Parler sued Amazon but later dropped its case. It has since returned to the web and restored to Apple’s App Store.
Mr. Pavlovski is quick to distance Rumble from Parler. He noted that his company has strong policies about restricting content involving racism, antisemitism, inciting violence, pornography, terrorism and much more.
Rumble also steers clear from reliance on any single cloud infrastructure like Parler’s dependence on Amazon, he said.
“We’ve kind of done it the old-fashioned way, and we have servers around the world, and we are not dependent on any single major cloud player,” Mr. Pavlovski said. “In fact, one of the things that this investment is going to do is [it is] going to enable us to really kind of build our own cloud infrastructure and offer cloud solutions to the market and other businesses out there.”
Other platforms that attempted to compete with YouTube ultimately overhauled their entire business models to succeed.
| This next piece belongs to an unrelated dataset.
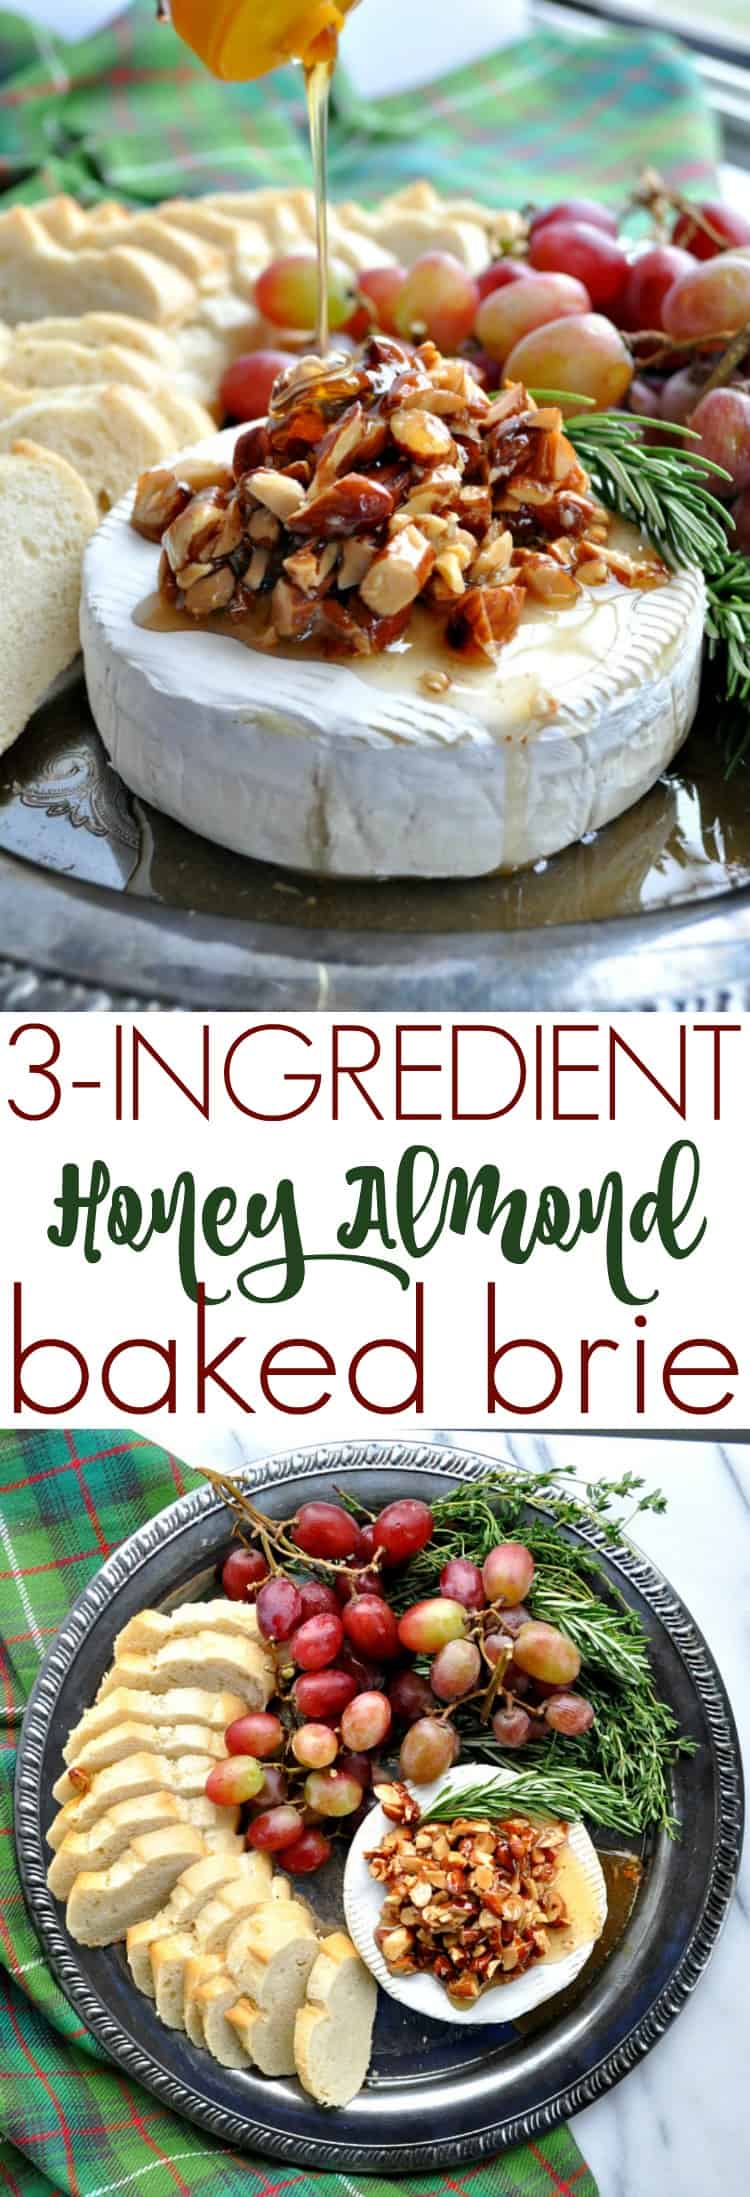 Honey Almond Baked Brie - The Seasoned Mom

Vimeo, a video platform that started more than 16 years ago, began trading on Nasdaq in late May after charting a new direction away from competition with YouTube.
Vimeo CEO Anjali Jud recently told CNBC that her company has fully pivoted away from being a viewing destination competing with YouTube and now focuses on selling software involving its video offerings as a service to other businesses.
Mr. Pavlovski said he is not deterred by the failures of Vimeo and others that have gone toe-to-toe with Google and intends to keep Rumble’s focus on distributing users’ content and being a destination for consumers.
“I believe a lot of the incumbent platforms out there are no longer interested in helping the small creator, and that’s a market that we can really capture and help in a way that the other incumbent platforms are no longer helping,” he said.